|Matthew Henry's Concise Commentary|
8:4-10 The rich and powerful of the land were the most guilty of oppression, as well as the foremost in idolatry. They were weary of the restraints of the sabbaths and the new moons, and wished them over, because no common work might be done therein. This is the character of many who are called Christians. The sabbath day and sabbath work are a burden to carnal hearts. It will either be profaned or be accounted a dull day. But can we spend our time better than in communion with God? When employed in religious services, they were thinking of marketings. They were weary of holy duties, because their worldly business stood still the while. Those are strangers to God, and enemies to themselves, who love market days better than sabbath days, who would rather be selling corn than worshipping God. They have no regard to man: those who have lost the savour of piety, will not long keep the sense of common honesty. They cheat those they deal with. They take advantage of their neighbour's ignorance or necessity, in a traffic which nearly concerns the labouring poor. Could we witness the fraud and covetousness, which, in such numerous forms, render trading an abomination to the Lord, we should not wonder to see many dealers backward in the service of God. But he who thus despises the poor, reproaches his Maker; as it regards Him, rich and poor meet together. Riches that are got by the ruin of the poor, will bring ruin on those that get them. God will remember their sin against them. This speaks the case of such unjust, unmerciful men, to be miserable indeed, miserable for ever. There shall be terror and desolation every where. It shall come upon them when they little think of it. Thus uncertain are all our creature-comforts and enjoyments, even life itself; in the midst of life we are in death. What will be the wailing in the bitter day which follows sinful and sensual pleasures!
Verse 4. - The prophet, by admonishing the grandees of their iniquities, which they will not cast away, shows how ripe they are for judgment. That swallow up; better, that pant after (Amos 2:6, 7), like a beast after its prey, eager to devour. Even to make the poor of the land to fail; and cause the meek of the land to fail. They grasp at the property of the unresisting poor, adding field to field, and impoverishing them in various ways, to root them out of the land.

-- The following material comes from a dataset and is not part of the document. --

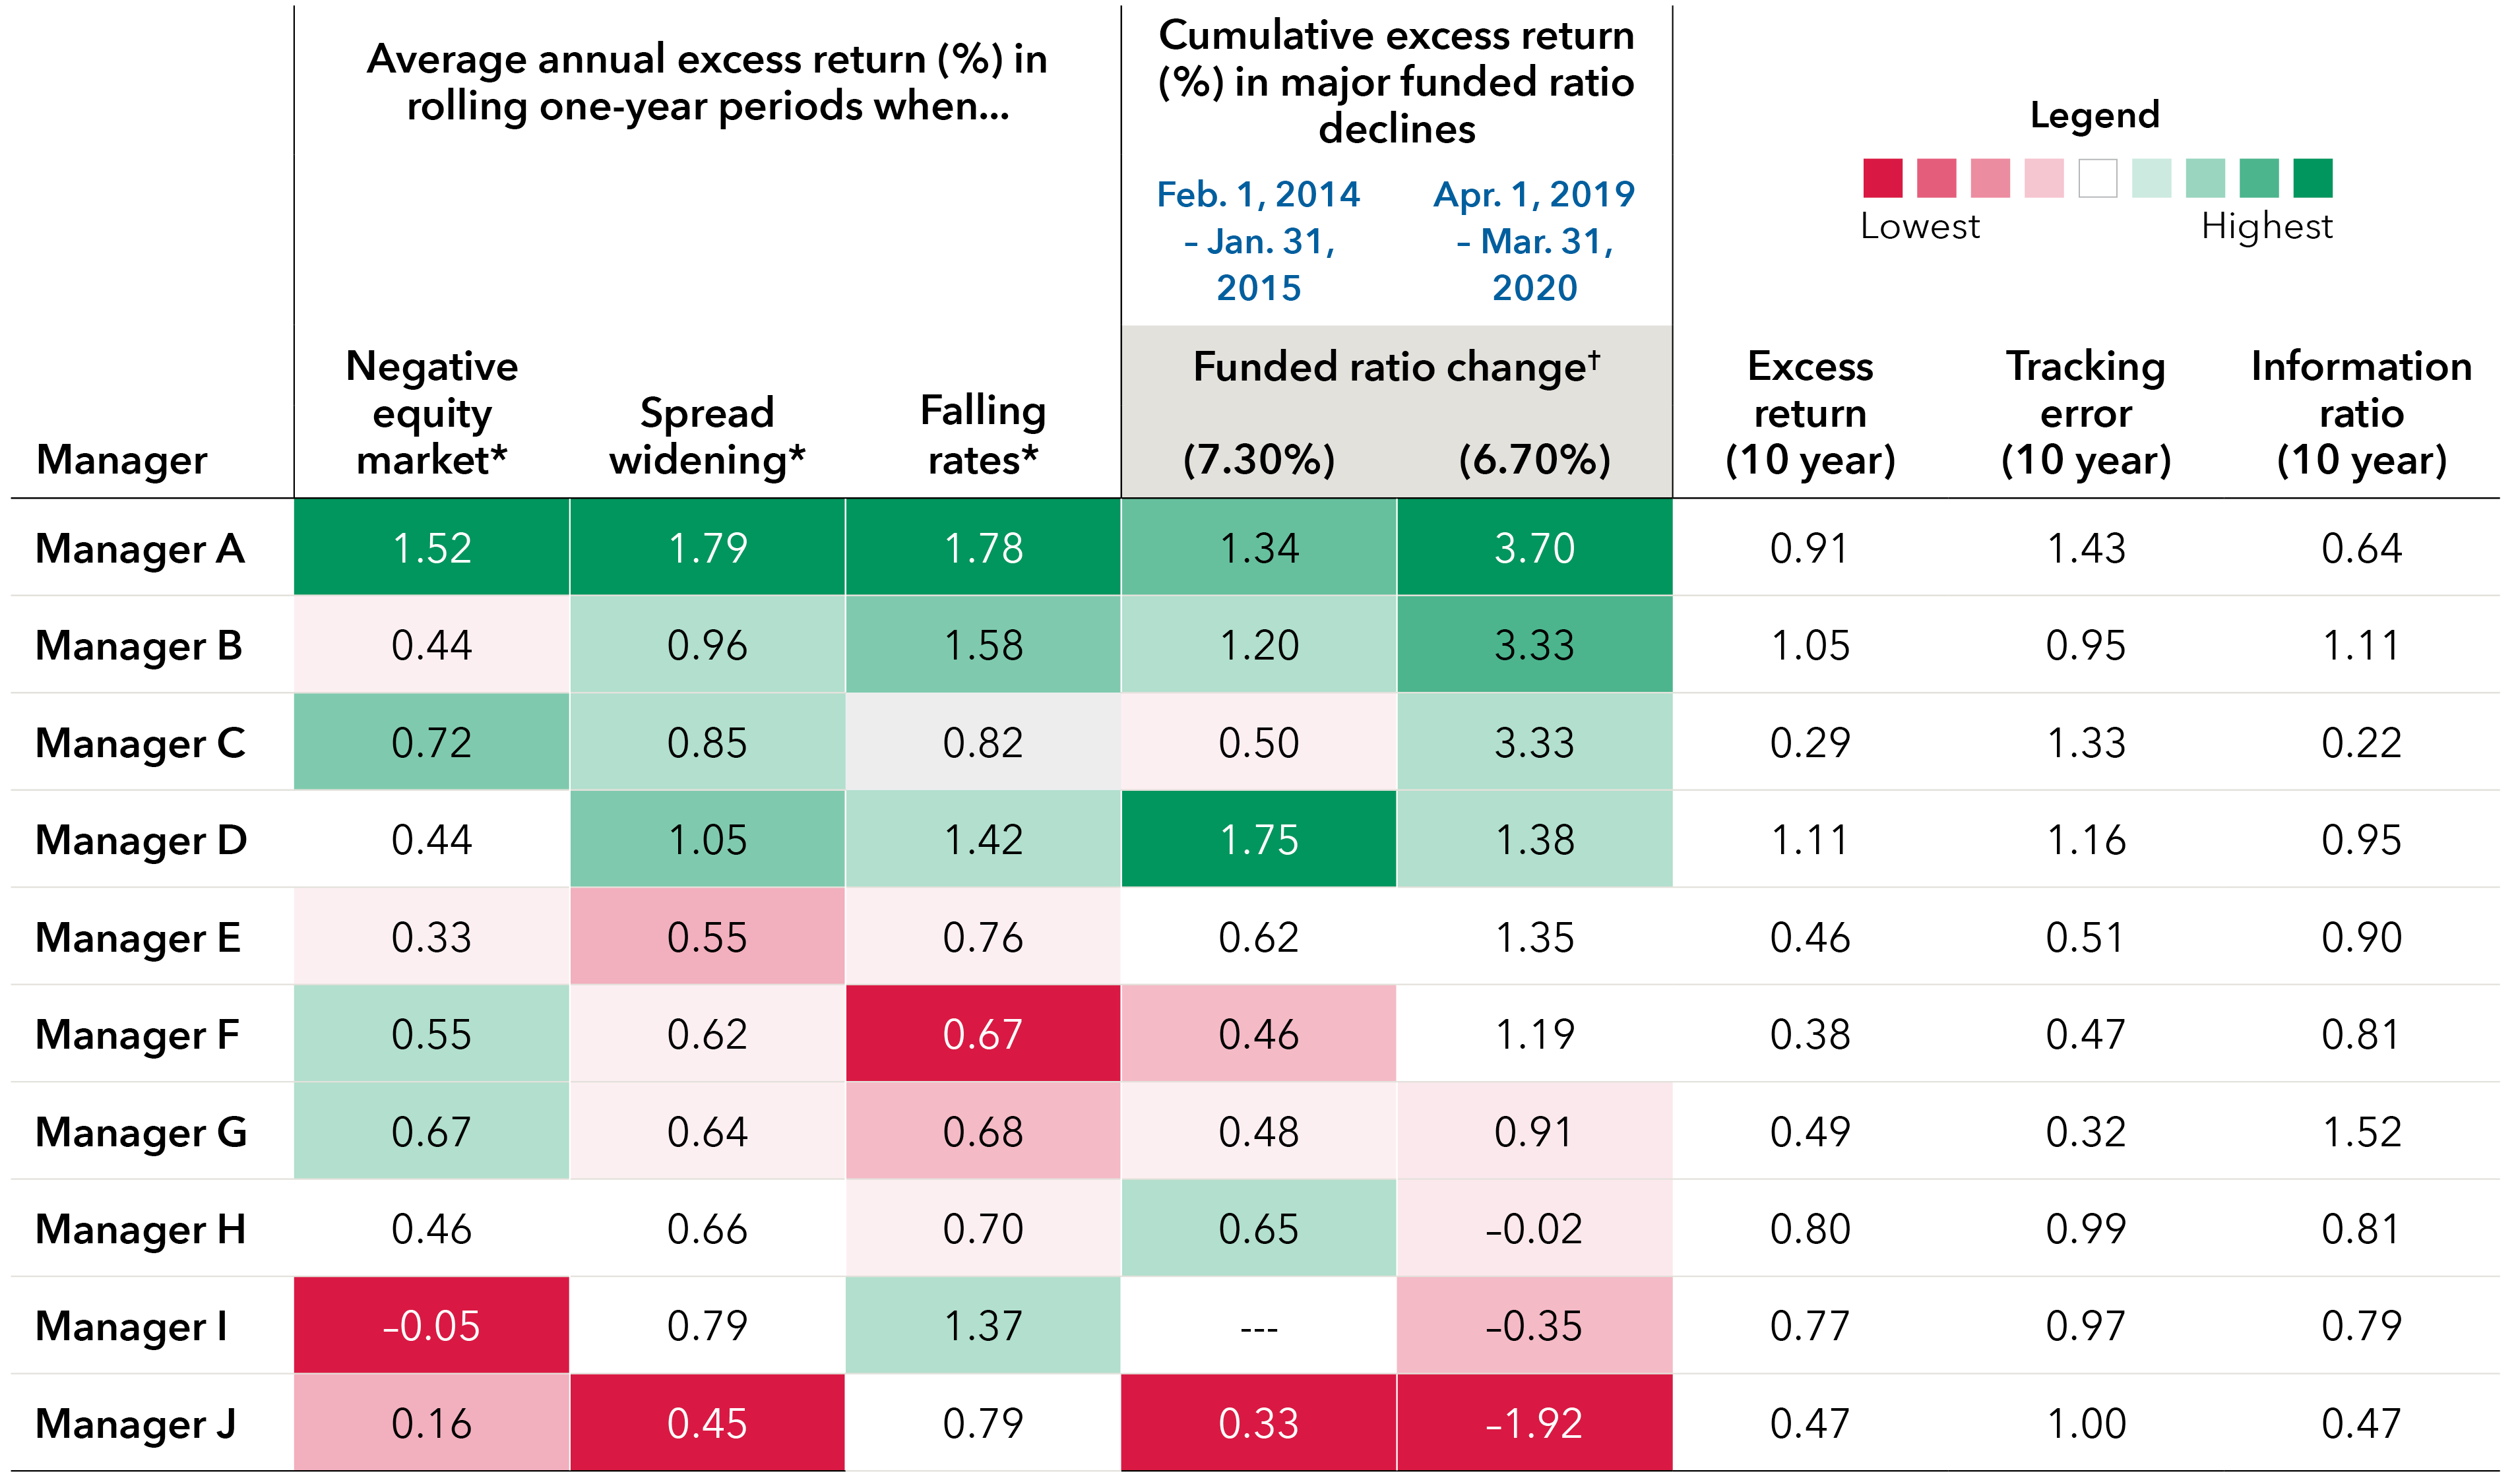 Table displays average annual excess returns for 10 anonymized investment managers (A through J) when there was a negative equity market, spread widening or falling interest rates during rolling one-year periods over the 10 years ended December 31, 2023. It also shows 10-year excess return, tracking error and information ratio for all 10 managers. Lastly, it shows the managers' cumulative excess returns in two major funded ratio declines that occurred from February 1, 2014, to January 31, 2015, and April 1, 2019, to March 31, 2020. Broadly speaking, returns during the three types of market stress periods were best for the managers at the top of the table (starting with manager A) and worst for those at the bottom (ending with manager J). The highest return on the table was manager A's 3.70% excess return in the 2019-2020 funded ratio decline, and the lowest was the negative 1.92% return for manager J during the same event. Manager D had the highest 10-year excess return of 1.11% and manager C had the lowest at 0.29%. Manager A had the highest 10-year tracking error at 1.43 and manager G had the lowest at 0.32. Manager G had the highest 10-year information ratio at 1.52, and manager C had the lowest at 0.22. Comparing managers A and J, manager A had a 10-year excess return, tracking error and information ratio of 0.91, 1.43 and 0.64, respectively, compared with 0.47, 1.00 and 0.47, respectively, for manager J. Manager A also had higher average annual excess returns than manager J across the three types of market stress periods (negative equity market, 1.52% vs. 0.16%; spread widening, 1.79% vs. 0.45%; falling rates, 1.78% vs. 0.79%) and higher cumulative excess returns during the two funded ratio declines (2014-2015, 1.34% vs. 0.33%; and 2019-2020, 3.70% vs. negative 1.92%).

Gill's Exposition of the Entire Bible
Hear this, O ye that swallow up the needy,.... Like a man that pants after a draught of water when thirsty; and, when he has got it, greedily swallows it down at one gulp; so these rich men swallowed up the poor, their labours, gains, and profits, and persons too; got all into their own hands, and made them bondsmen and slaves to them; see Amos 2:7; these are called upon to hear this dreadful calamity threatened, and to consider what then would become of them and their ill gotten riches; and suggesting, that their oppression of the needy was one cause of this destruction of the land:
even to make the poor of the land to fail; or "cease" (a); to die for want of the necessaries of life, being obliged to such hard labour; so unmercifully used, their faces ground, and pinched with necessity; and so sadly paid for their work, that they could not live by it.
(a) "ad cessare faciendum", Mercerus; "et facitis cessare", Munster, Drusius.
Jamieson-Fausset-Brown Bible Commentary
4. Hear—The nobles needed to be urged thus, as hating to hear reproof.
swallow up the needy—or, "gape after," that is, pant for their goods; so the word is used, Job 7:2, Margin.
to make the poor … to fail—"that they (themselves) may be placed alone in the midst of the earth" (Isa 5:8).